Installation à Tunis en 2014

Après avoir quitté Microsoft, Karim Jouini s’installe à Tunis en septembre 2014. Il a déjà une équipe de quatre ingénieurs et des locaux. La jeune pousse a pris racine à Cogite, un espace de coworking situé aux Berges du Lac, le quartier d’affaires de la capitale. « Cogite nous a aidé à recruter et à trouver un réseau », poursuit le fondateur d’Expensya.

Le start-upeur part avec une mise de départ d’environ 200 000 euros, en comptant ses économies et le soutien de Réseau Entreprendre, de la Bpifrance et Paris Initiative. En mai 2015, la première version beta de Expensya est prête. L’application gagne ses premiers clients, des TPE et PME françaises.

Début 2016, Jihed Othmani se laisse enfin convaincre par son ami de le rejoindre dans l’aventure. Papa d’un enfant de six mois, il s’installe à Tunis au printemps. « Passer d’un salaire de 100 000 euros par an à zéro, c’est compliqué ! », reconnaît Karim Jouini, qui s’impatientait de le voir venir. Jihed Othmani devient directeur technique. Karim Jouini, lui, retourne à Paris, ouvrir un bureau commercial pour se rapprocher de les clients européens, leur principal marché.

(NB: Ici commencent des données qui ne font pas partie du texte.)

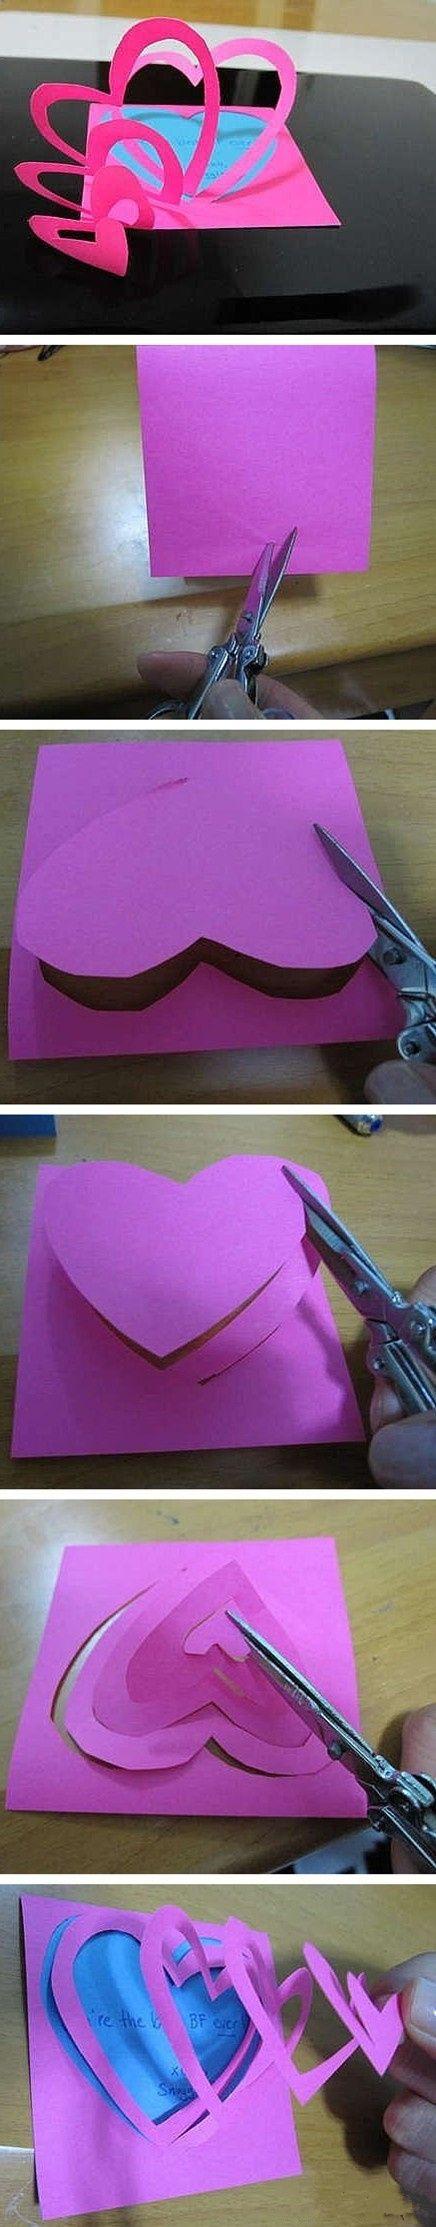 手工作品——————心裡話 make a personal greeting card they will remember!

Une soixantaine de salariés

« L’objectif était aussi de les rassurer, explique le CEO d’Expensya, notamment sur le volet de la protection des données stockées et, sur un plan organisationnel, de moins souffrir des contraintes liées aux visas ». Pour ouvrir ce bureau, les deux associés bénéficient de l’appui de leur entourage qui investit 200 000 euros dans la société. Et, rapidement, acquièrent leurs premiers gros poissons : Elior, Grant Thornton et Viseo Group.

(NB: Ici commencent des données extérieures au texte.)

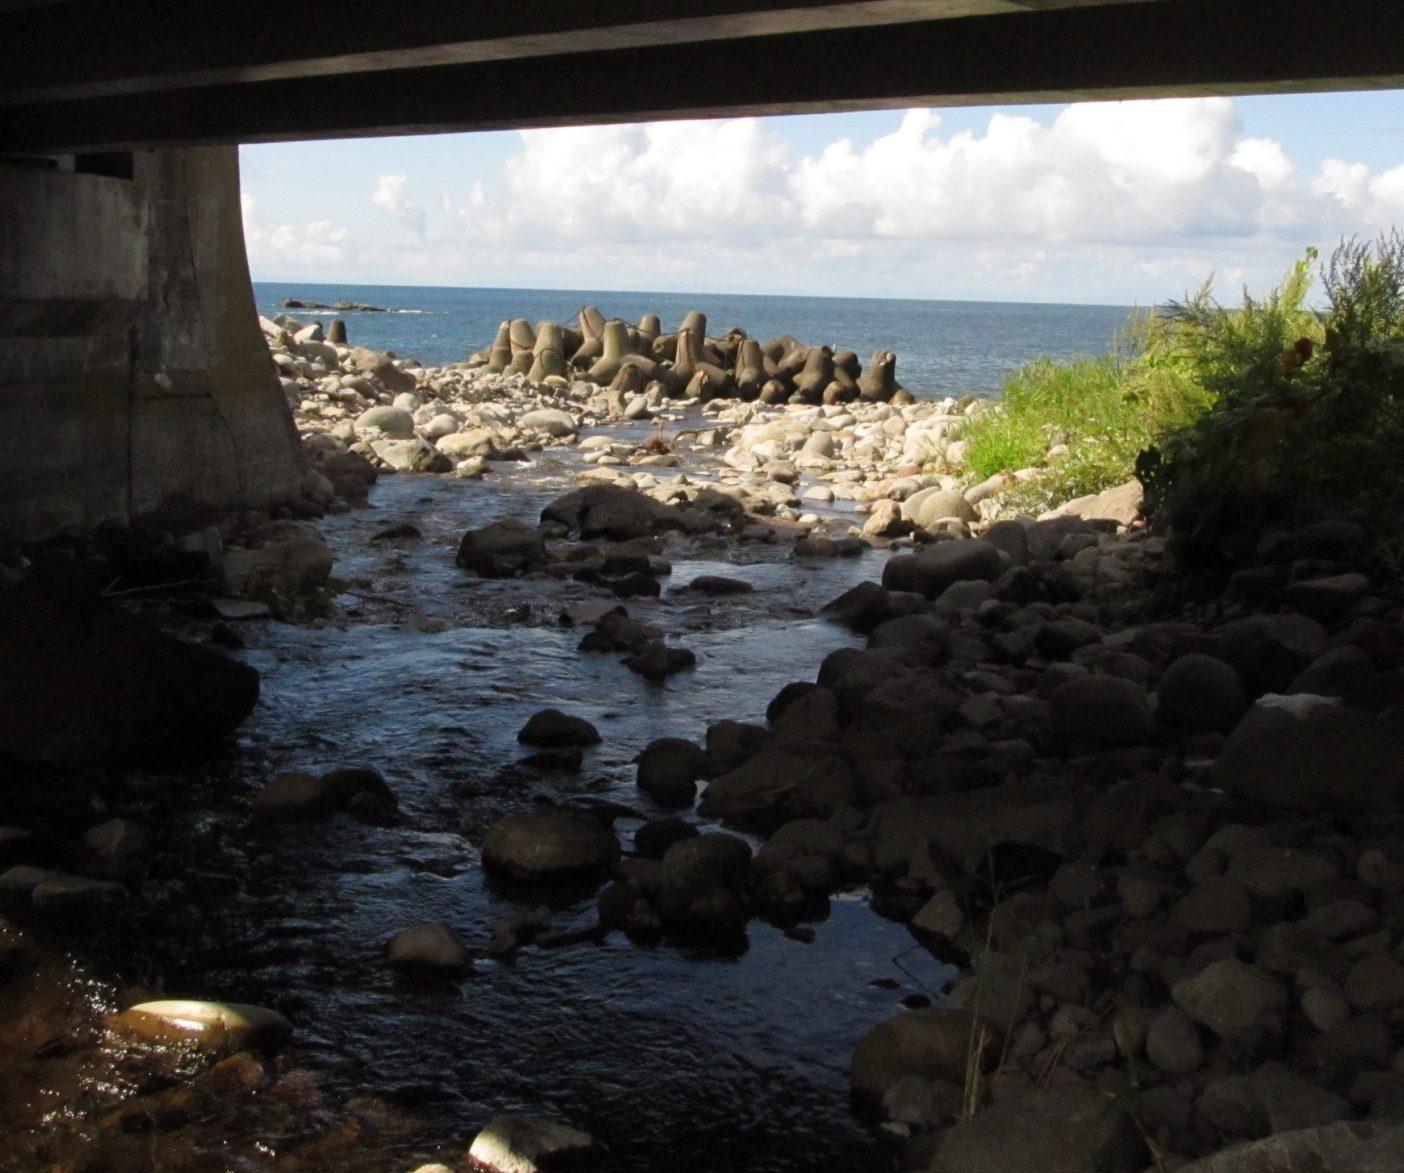 浸食を抑えるために海岸に設置されたテトラポット。写真:田口康夫

Expensya compte actuellement une soixantaine de salariés, quinze à Paris et quarante-cinq à Tunis où est basé le pôle R&D. La start-up a ouvert vingt postes d’ingénieurs pour lesquels elle cherche à recruter localement et dans la diaspora. « La Tunisie n’est pas attractive pour les ingénieurs tunisiens expérimentés. Pour les attirer à Expensya, on les traite mieux qu’ailleurs », explique Karim Jouini.

Expensya aide par ailleurs régulièrement les jeunes qui souhaitent entreprendre en Tunisie. « Nous essayons d’être actifs pour contribuer à l’écosystème entrepreneurial tunisien, en pleine éclosion, souligne Karim Jouini. Notre impact, il est là. Nous voulons prouver par l’exemple que c’est faisable », ajoute l’entrepreneur.

Vendre du rêve pour susciter l’envie à d’autres de créer leur start-up, les deux associés puisent là aussi leur motivation à faire de leur entreprise l’un des futurs champions tunisiens.